Через несколько дней мне позвонила Федорова, а еще через несколько дней студия им. Горького приобрела сценарий у «Мосфильма».
С этой работой были связаны и радости, и муки. Но фильм вышел. Я был на многих его обсуждениях в Москве и Калуге. Люди спорили, рассказывали свои семейные истории отцы, матери, школьники. Многие говорили со слезами – не как о героях фильма, а как о живых людях. Актрису Олесю Иванову называли Мамаша. Многие говорили, что это их соседи…
Сидя на сцене с актером и режиссером, я думал о Лене. Фильм оказался нужен людям, его слова оправдались, – но Лени уже не было. О его смерти мы узнали в просмотровом зале, во время приемки фильма. Он заболел в Ленинграде на съемках. Ни за что не хотел ложиться в больницу. Боялся, кричал на друзей:
– Фашисты, куда вы меня отправляете, я завтра могу снимать!..
Когда ему в больнице рассказали, что наш фильм, несмотря на перипетии, получился и хорошо принят на общественных просмотрах, он повеселел:
– Я же говорил!
У меня было ощущение, что я с ним о чем-то недоговорил, особенно неприятно мне было оттого, что после отъезда Лени в Ленинград студия «Мосфильм», видимо, чувствуя вину за неприятную историю с «Большими и маленькими», предложила мне экранизировать «Угрюм-реку». Я согласился, не зная, что это собирался делать Леня и что у него был договор. Кто-то с радостью сообщил ему об этом. Узнав, я попросил Бритикова передать ему, что это недоразумение, что я отказался и шлю ему приветы. Бритиков передал мои слова, на что Леня ответил, что не сомневался во мне и что мы сделаем вместе…
Вещи Лени были уже в вагоне, когда ему стало плохо. И нам привезли его мертвого.

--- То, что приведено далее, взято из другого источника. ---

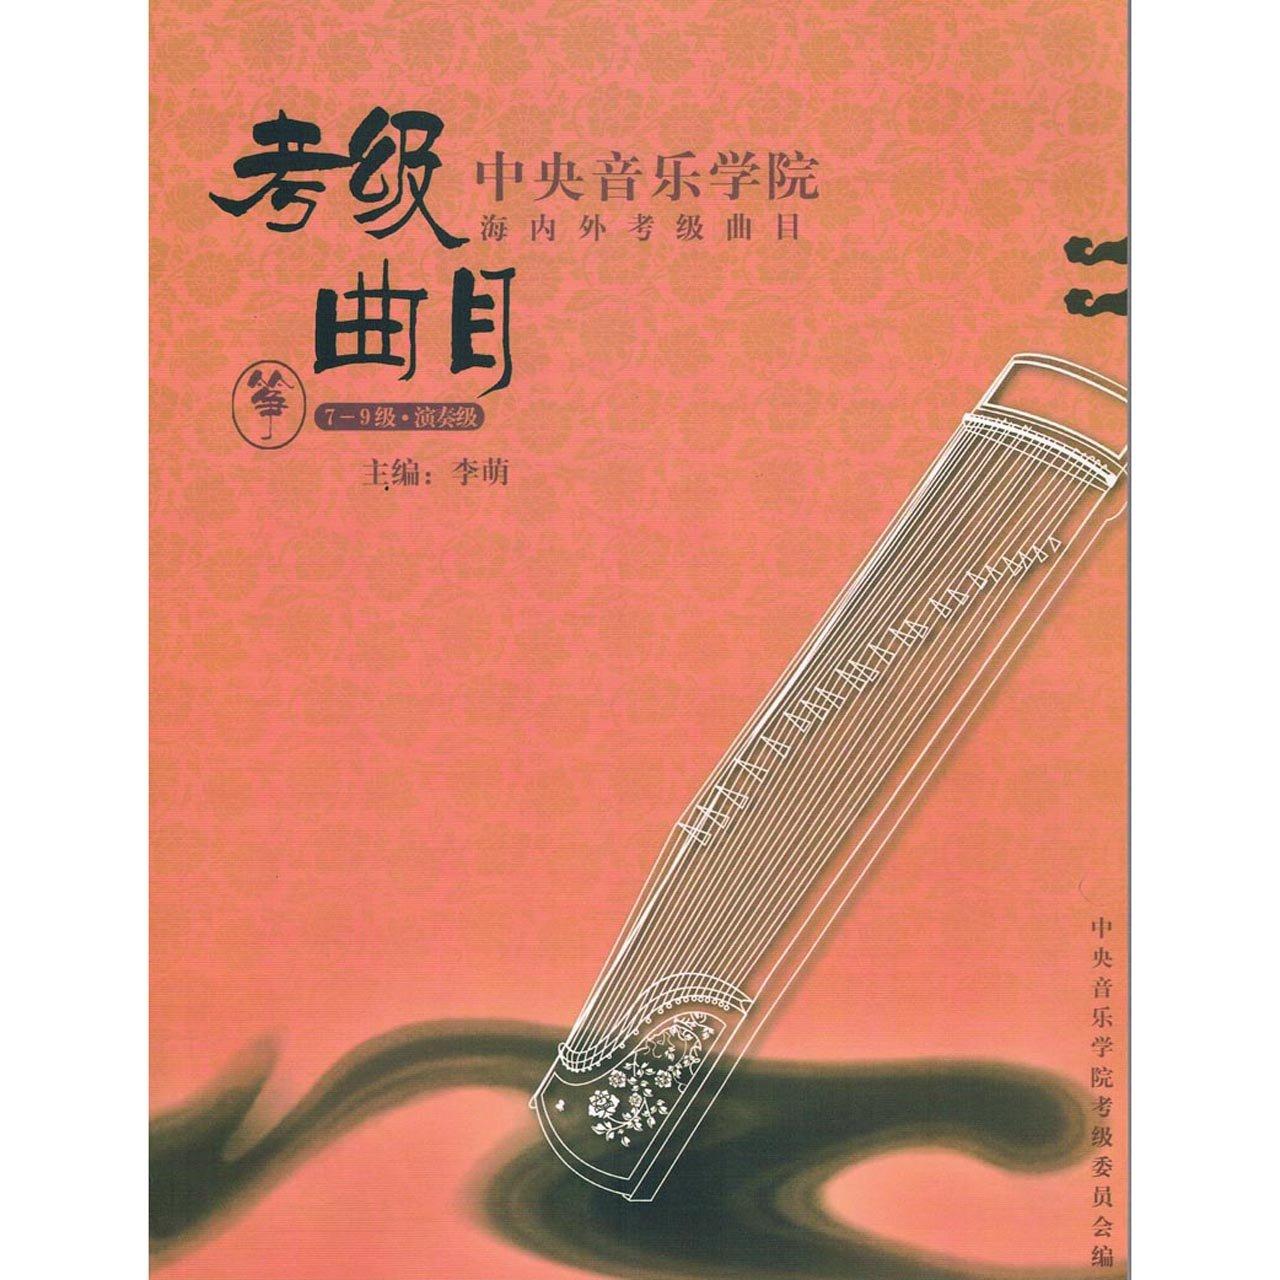 Eason Music Central Conservatory of Music Guzheng Grading Book (Grade 7-Diploma)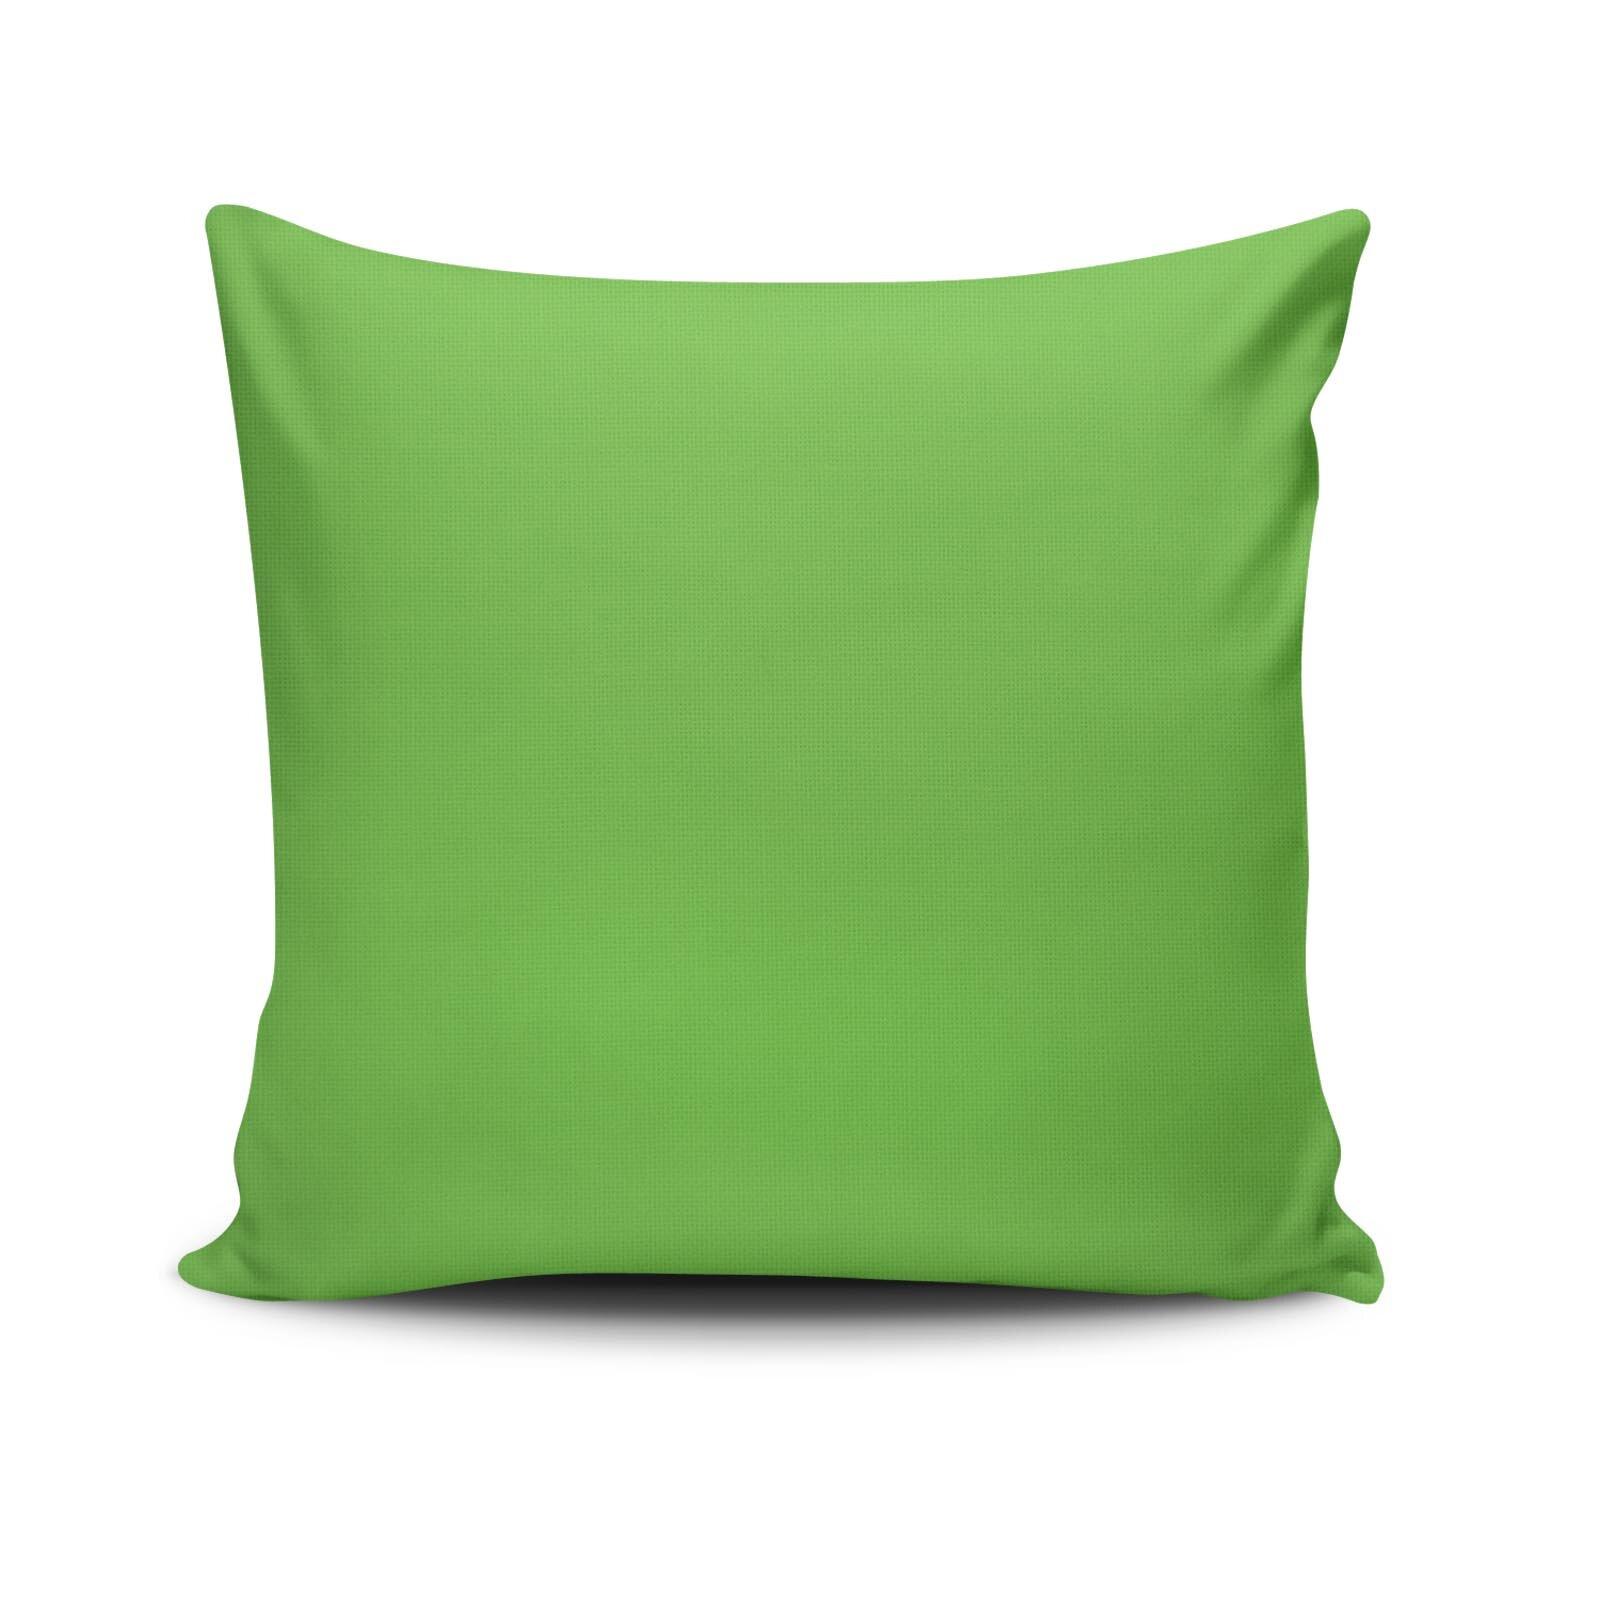 Perna decorativa Spiffy, Dimensiune: 45 x 45 cm, Material exterior: 50% bumbac / 50% poliester 425SPF0192

Я стоял у его гроба. Он был такой же, как на портрете, смерть не изменила выражения его лица – в нем по-прежнему была сила.
Он был крупный в кости и плечах, во всем большой, он громко говорил, шумно входил в комнату, много ел, ездил целый день на большом «ЗИМе». Многих людей он любил, со многими ссорился, грубил некоторым, у него было большое сердце. Оно вмещало самые разнообразные чувства. И картины у него были разные, но почти все любил зритель. Часто ему изменял вкус, не хватало культуры, но в нем жил нутряной талант – талант сердца. Даже в неудачных его картинах было один-два эпизода, которые захватывали зрителя. Сила и талант жили рядом с хвастовством и – порой – хамством. Партийность – рядом с суеверием.
На обсуждении «Заставы Ильича», после того как критиковал материал, он вышел и рявкнул:
– Я ошибался. Это – водородная бомба в искусстве!
А как-то раз он по-хамски обругал ни в чем не повинную женщину, когда встретил ее в первый съемочный день с пустыми ведрами. И он же молчал на заседании парткома, когда его прорабатывали. Лишь в конце сказал:
– Я боялся за картину!
Немного у него было романов, но всегда – длительные, полные перипетий, разрывов, перемирий. О них знали все друзья. Он всем плакался в жилетку, ругал обидевших его женщин, а назавтра посылал телеграммы или мчался за ними в другие города.